Retrograde signaling in the optic nerve is necessary for electrical responsiveness of retinal ganglion cells.

Abstract

We investigated the role of retrograde signaling in the optic nerve on retinal ganglion cell (RGC) electrical responsiveness in the mouse model. Electrical response of RGC was measured by pattern electroretinogram (PERG) in 43 C57BL/6J mice 4 to 6 months old under ketamine/xylazine anesthesia.
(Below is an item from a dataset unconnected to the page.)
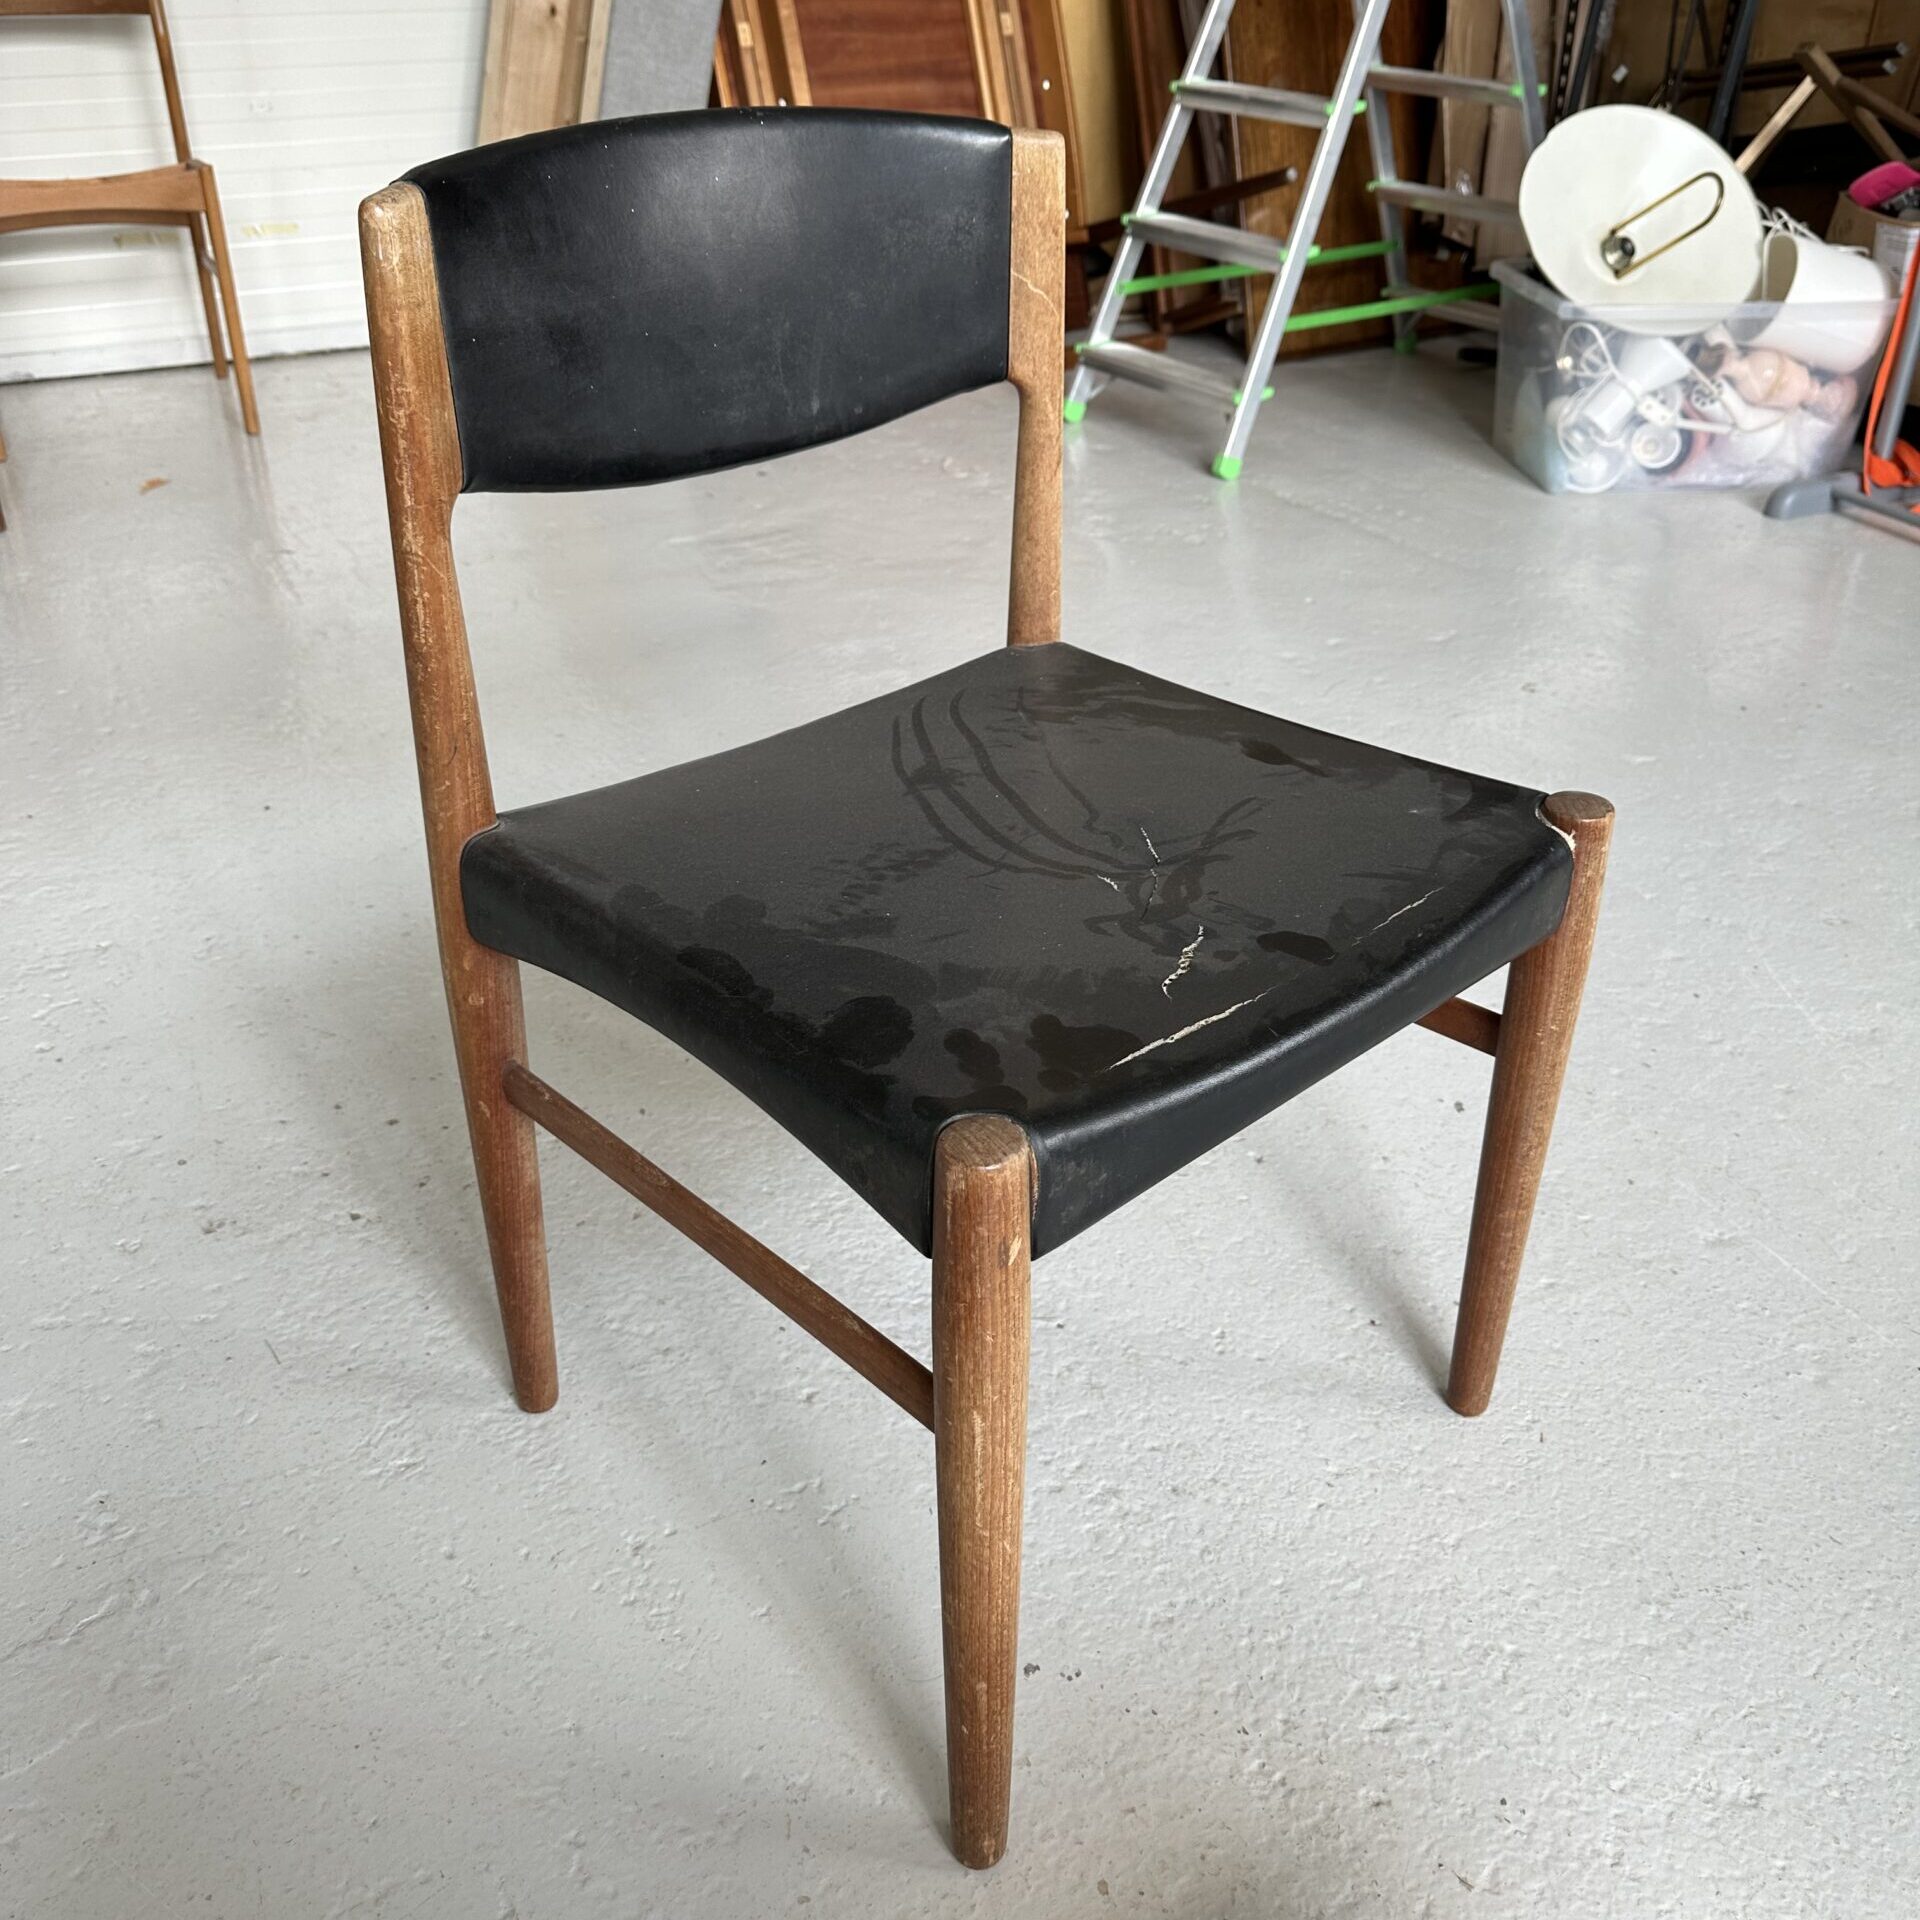 Glostrup chair – Grete Jalk

PERGs were recorded before and at different times after blockade of axon transport with lidocaine at either the retrobulbar level (2 μL, 40 μg/μL) or at level of the superior colliculus (SC, 1 μL, 40 μg/μL). PERGs also were recorded before and at different times after optic nerve crush 1.5 mm behind the eye, followed by TUJ1-positive RGC counts of excised retinas. As controls, PERGs also were recorded after either saline injections or sham optic nerve surgery. The photopic flash electroretinogram (FERG) and visual evoked potential (FVEP) also were recorded before lidocaine and at relevant times afterwards. Lidocaine injection caused rapid (retrobulbar ~10 minutes, SC 1 hour), reversible reduction of PERG amplitude (≥50%). Optic nerve crush caused rapid (10-20 minutes), irreversible reduction of PERG amplitude (70-75%), increase of PERG latency (>25%), as well as RGC loss (88%) 1 month after crush. FVEP was unaltered by lidocaine. For all procedures, the FERG was unaltered. As experimental interventions were made at postretinal level(s), PERG changes were likely associated with altered supply of retrogradely-delivered material from the SC. This implies that retrograde transport of target-derived molecules is necessary for normal RGC electrical responsiveness. The time course of early PERG changes is consistent with the speed of fast retrograde axon transport.